Following oral administration of 200 mg of 14C-bupropion in humans, 87% and 10% of the radioactive dose were recovered in the urine and faeces, respectively. The fraction of the dose of bupropion excreted unchanged was only 0,5%, a finding consistent with the extensive metabolism of bupropion. Less than 10% of this 14C dose was accounted for in the urine as active metabolites.
The mean apparent clearance following oral administration of bupropion is approximately 200 l/hr and the mean elimination half-life of bupropion is approximately 20 hours.

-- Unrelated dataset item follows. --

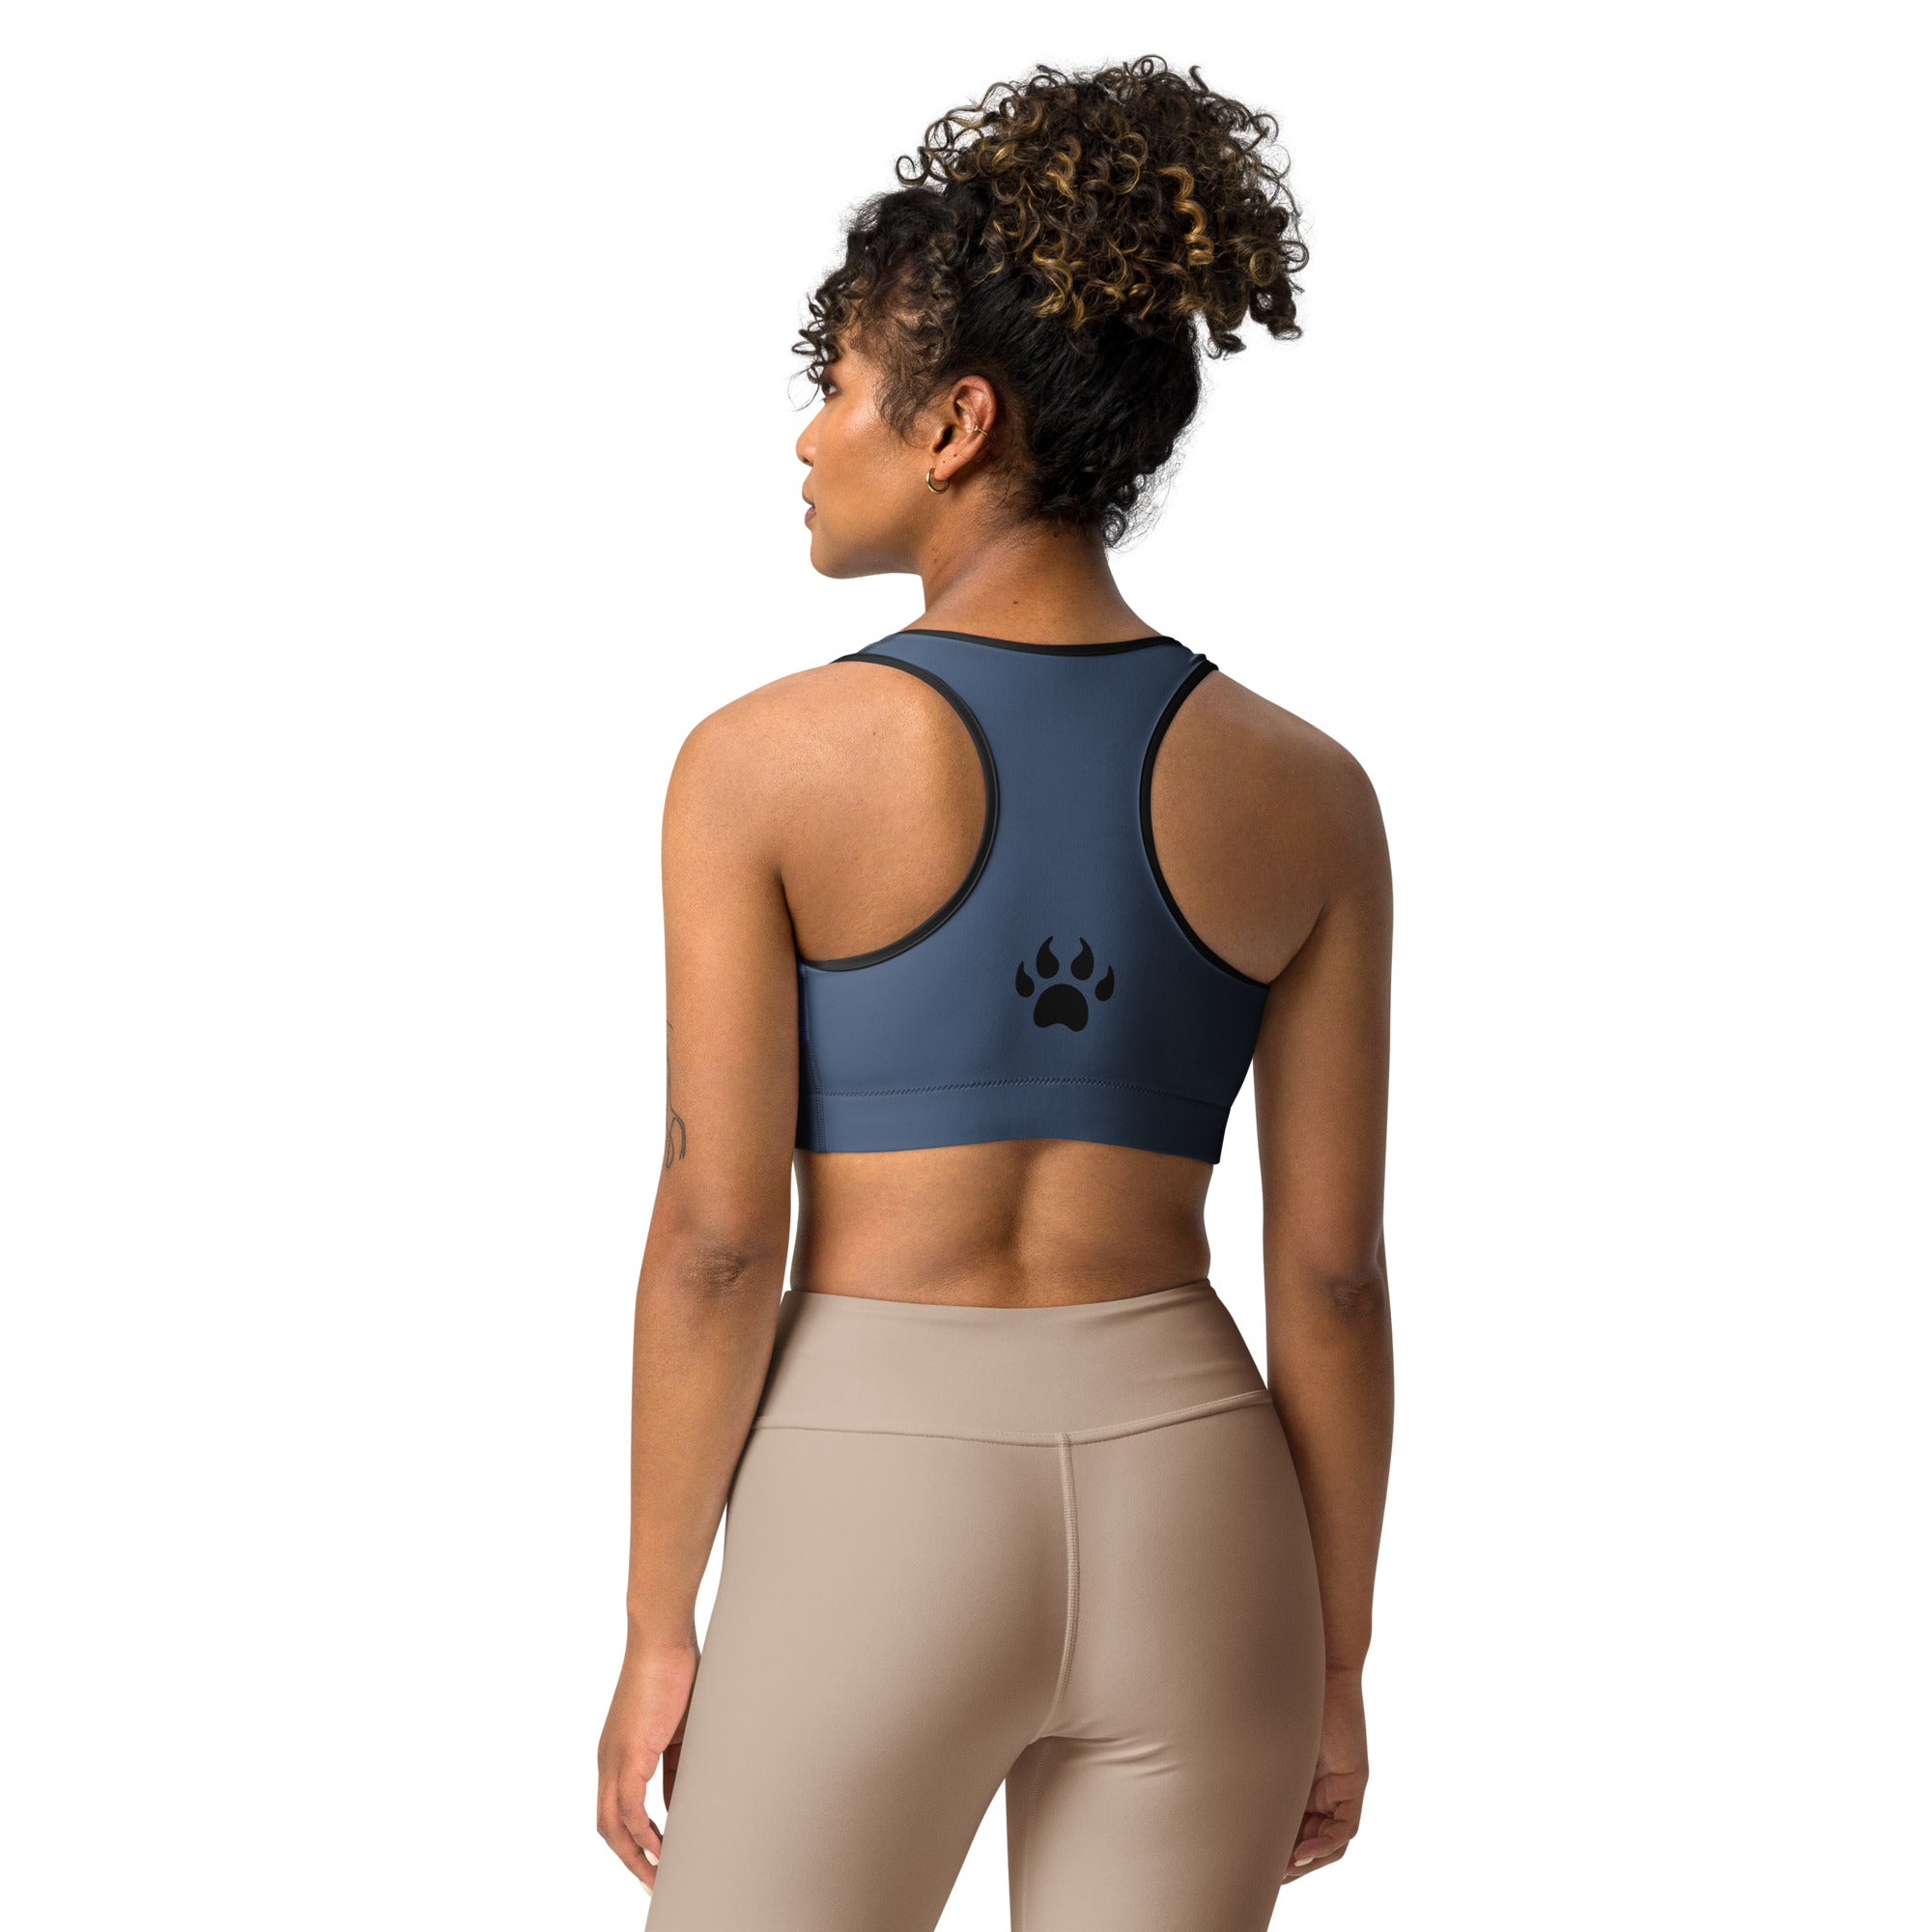 The back view of a woman wearing a blue Sweetest Paw Sports Bra Camo with paw print.

The elimination half-life of hydroxybupropion is approximately 20 hours and its area under the plasma drug concentration versus time curve (AUC) at steady state is approximately 17 times that of bupropion. The elimination half-lives for threohydrobupropion and erythrohydrobupropion are longer (37 and 33 hours, respectively) and steady-state AUC values are 8 and 1,6 times higher than that of bupropion, respectively. Steady state for bupropion and its metabolites is reached within 8 days.

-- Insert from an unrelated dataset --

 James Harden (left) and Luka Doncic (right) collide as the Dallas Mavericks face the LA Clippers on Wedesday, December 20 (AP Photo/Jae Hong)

Pharmacokinetic studies in the elderly have shown variable results. A single dose study showed that the pharmacokinetics of bupropion and its metabolites in the elderly do not differ from those in the younger adults. Another pharmacokinetic study, single and multiple doses, has suggested that accumulation of bupropion and its metabolites may occur to a greater extent in the elderly. Clinical experience has not identified differences in tolerability between elderly and younger patients, but greater sensitivity in older patients cannot be ruled out.

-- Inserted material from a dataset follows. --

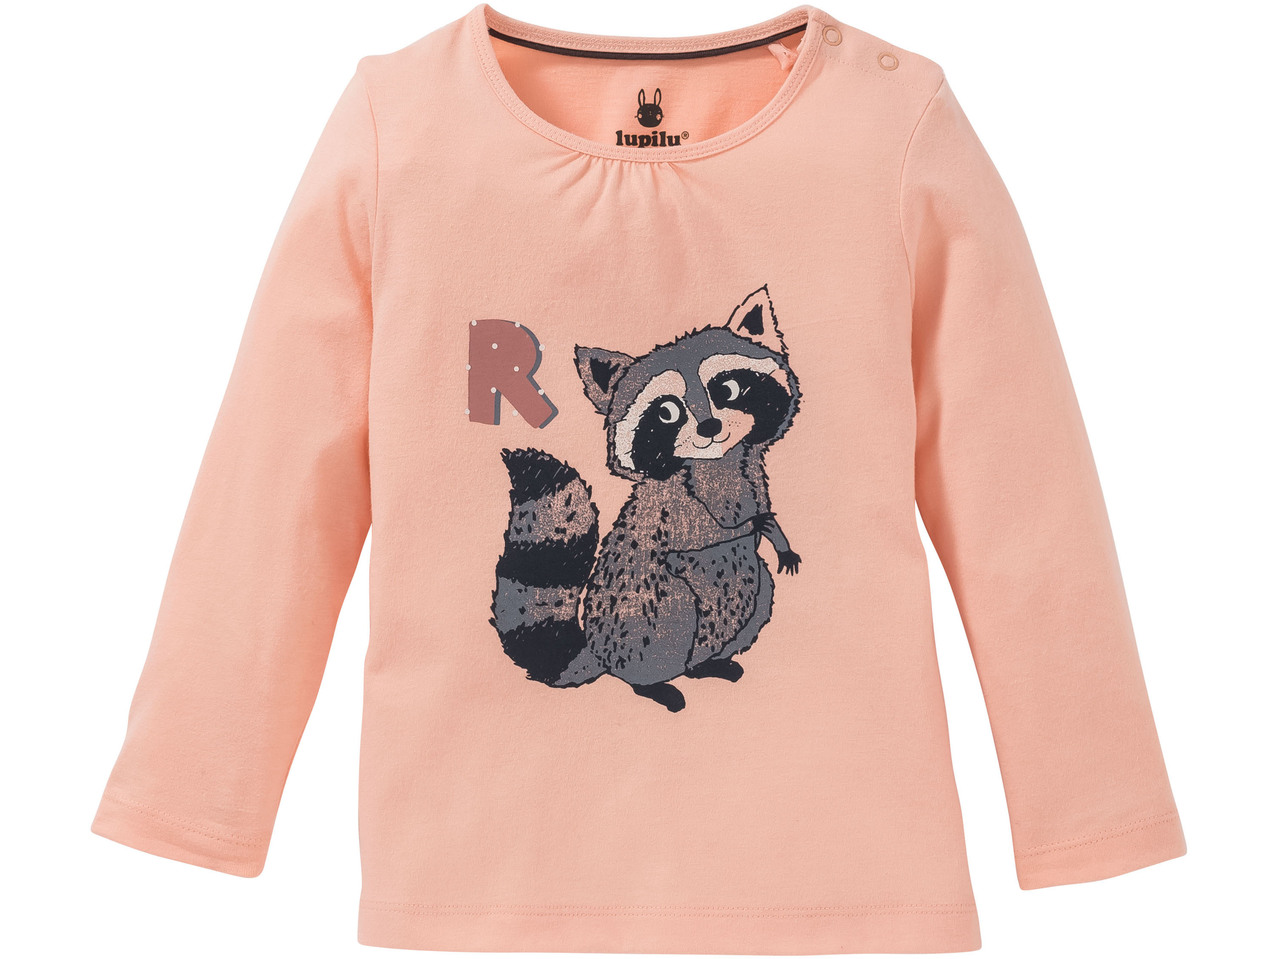 Girls' Long Sleeve Tops, 2 pieces

The elimination of bupropion and its major metabolites may be reduced by impaired renal function (see section 4.4).
The pharmacokinetics of bupropion and its active metabolites were not statistically significantly different in patients with mild cirrhosis (Child- Pugh grade A, range 5-6) when compared to healthy volunteers, although more variability was observed between individual patients. For patients with moderate to severe hepatic cirrhosis (Child Pugh grades B & C, range 7-13), a single dose of bupropion produced a Cmax and AUC that were substantially increased (mean difference approximately 70% and 3-fold, respectively) and more variable when compared to the values in healthy volunteers; the mean half-life was also longer (by approximately 40%). For the metabolites, the mean Cmax was lower (by approximately 30 to 70%), the mean AUC tended to be higher (by approximately 30 to 50%), the median Tmax was later (by approximately 20 hrs), and the mean half-lives were longer (by approximately 2 to 4-fold) than in healthy volunteers (see section 4.3).